"A Ciambra" : portrait saisissant d'un adolescent rom en Italie

Un récit d'initiation dans une famille rom en Calabre. Un film adoubé et produit par Martin Scorsese. Des acteurs non professionnels qui crèvent l'écran : avec "A Ciambra", le réalisateur Jonas Carpignano donne avec talent la parole à ceux qui vivent en marge.

"Il ne s'agit pas de faire un manifeste", a confié le cinéaste italo-américain lors d'un passage à Paris. "Ce qui m'intéresse, ce sont les gens, plus que les idées."

Dans "Mediterranea" (2015), le réalisateur né à New York et aujourd'hui installé dans le sud de l'Italie, s'était penché sur le sort des migrants en suivant le parcours de deux Burkinabés arrivés en Calabre. L'un des deux, Koudous Seihon, est devenu son ami et tient de nouveau un rôle important dans son deuxième film. 

Dans "A Ciambra", Jonas Carpignano suit les traces de Pio, 14 ans, qui rêve de devenir un caïd comme son frère aîné. Quand celui-ci se retrouve en prison, l'adolescent tente de prendre sa place et de s'afficher comme l'homme de la maison en vivant de petites arnaques.

Écartelé entre son appartenance à sa famille (nombreuse) et son amitié peu évidente pour Ayiva, un migrant africain qui lui rend de petits services, il va chercher sa voie.

Présenté au printemps à la Quinzaine des réalisateurs, le film est porté par l'énergie de Pio Amato, de presque tous les plans. Moue adolescente, physique de gamin qui fume et veut faire la loi, il joue dans "A Ciambra" entouré de sa propre famille, ce qui donne des allures de cinéma-vérité à l'ensemble.

Rencontre rocambolesque

Tout est parti d'une rencontre, explique le réalisateur de 33 ans, qui a croisé la route de Pio quand celui-ci avait 9 ans (il en a aujourd'hui 16) dans des circonstances rocambolesques, à la suite d'un vol de voiture pendant un tournage. 

Fasciné par l'"énergie" dégagée par la famille Amato et cette communauté rom installée, il va proposer de faire tourner Pio et son grand frère. Ce qui débouchera sur un court métrage, "embryon" du long métrage.

Sur près de deux heures, le film fait le portrait d'une famille et d'un garçon entre deux âges, qui fait parfois penser au cinéma de Scorsese ("Les Affranchis" notamment).

Le légendaire cinéaste ne s'y est pas trompé et a d'ailleurs participé à la production du film, qui offre une confrontation intéressante entre communautés en Italie, comme on en voit peu à l'écran.

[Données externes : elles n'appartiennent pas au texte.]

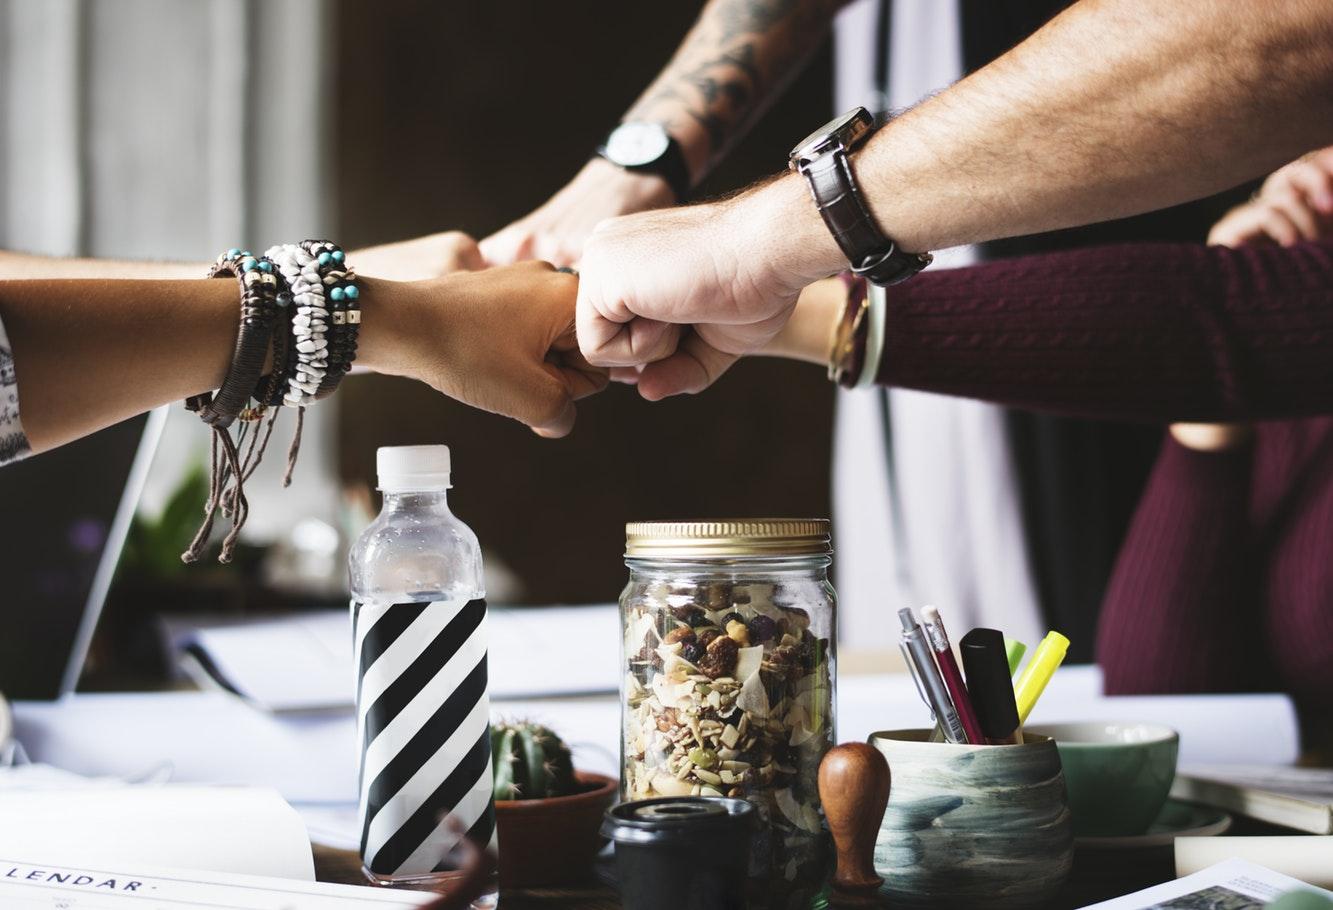 Como engajar sua equipe para tornar a empresa sustentável

Le réalisateur, dont la mère est afro-américaine et le père italien, a grandi entre le Bronx et Rome et se dit sensible à la question du racisme en Italie.

Sur la forme, son film, avec des scènes qui prennent leur temps (un dîner familial arrosé ou un match de foot suivi par des migrants sous une tente), fait aussi penser à celui d'Abdellatif Kechiche ("L'Esquive"), dont il est un grand admirateur. 

Jonas Carpignano prépare déjà son troisième film, toujours en Calabre, mais cette fois-ci autour d'un personnage féminin: une adolescente au tempérament de feu, promet-il.